* * *
Времени до встречи оставалось предостаточно, не случайно Владимир выехал загодя, чтобы убедиться, все ли правильно сделали, не забыли ли чего его помощники? Подходя к своей машине, Владимир в двадцати метрах от себя увидел знакомый джип. Он знал, что джип постоянно будет сопровождать его. "Не исключено, что только в одну сторону, обратного пути может и не быть", – глубоко вздохнул и с какой-то отрешенностью подумал Владимир. И попытался успокоить себя когда-то прочитанной фразой о том, если ты боишься потерять жизнь, значит и не живешь…
Владимир уже ни о чем не хотел думать. Ни о предстоящей встрече Николаем Николаевичем, ни о том, что он приготовил в свою очередь той компании. Ни о том даже, что ему сегодня предстоит… и все ли будет так, как он задумал? Невиновные так боятся своей судьбы. То, что сегодня может не вернуться домой, вероятно, даже и ни завтра, и ни послезавтра, – он не сомневался. Он и не думал об этом. Иные мысли лезли в его голову.
"Почему я так глубоко сомневался в верности Наты? И что этому послужило?"
Владимир вспомнил, как однажды, заехав к Анатолию с Надеждой, он задержался у них. Когда приехал домой, Наты еще не было. А когда появилась, сказала, что задержалась у Надежды.
Владимир, холодея, вдруг вспомнил, что Надежда, это та самая, которая… у которой умерла бабушка. Они когда-то вместе работали. Как он этого не понял сразу? Почему он вдруг решил, что она его обманула?

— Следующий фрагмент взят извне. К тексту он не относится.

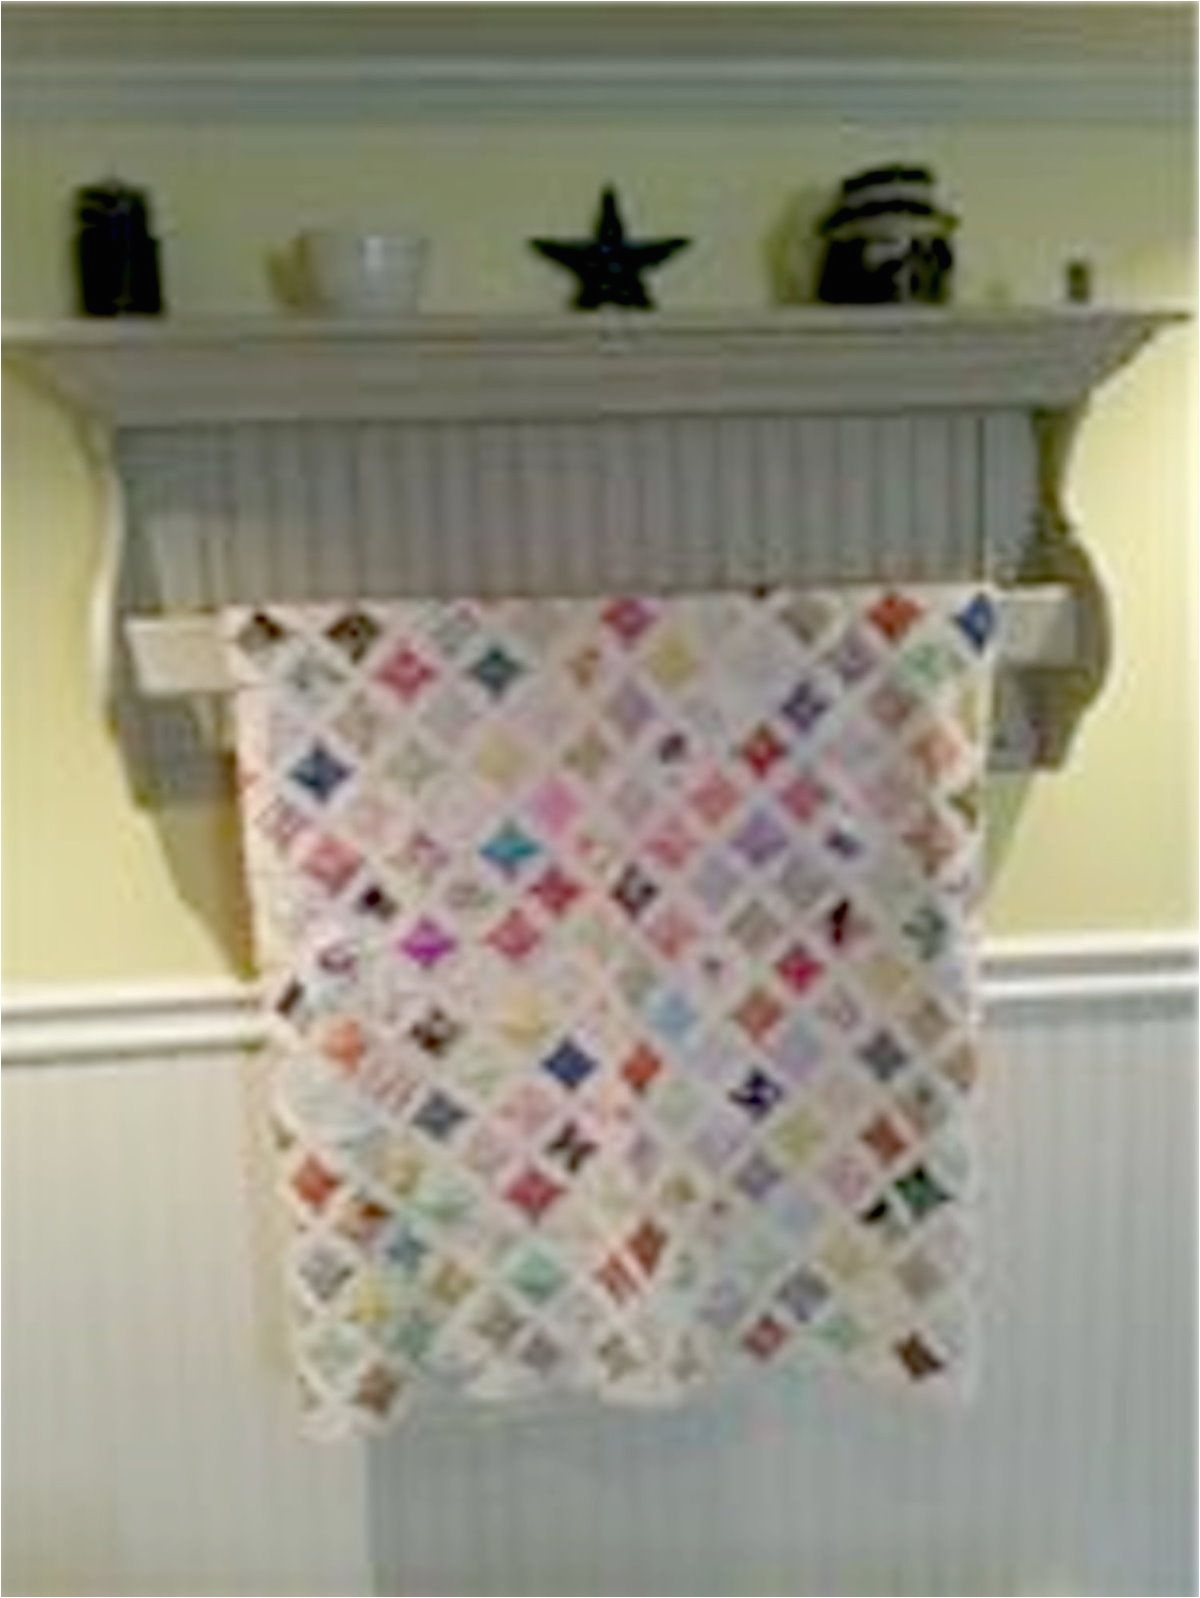 quilt rack but better in kitchen for towels and show off items

Потому, что он не понял, у какой именно Надежды она была?
Невольно набрал номер сотового телефона Наты. Но гудки были короткие. Телефон занят. Владимир вновь и вновь делал повтор вызова, но абонент по-прежнему был занят. Об этом ему даже напомнил молодой женский голос оператора: "Абонент занят. Перезвоните, пожалуйста, позже".
Потеряв надежду дозвониться, он решил, что, видимо, не судьба, и со злостью захлопнул крышку телефона.
"Хорошо… ну, а что означали ее ночные разговоры по телефону, закрывшись в ванной? – продолжал задавать себе вопросы Владимир. – Как это понимать?"
Неожиданно в руке Владимира, завибрировав, зазвонил телефон. От неожиданности он даже вздрогнул. Звонила Ната.
Привет. Ты звонил, извини, я разговаривала, – тихо, с какой -то покорной ноткой, проговорила Ната.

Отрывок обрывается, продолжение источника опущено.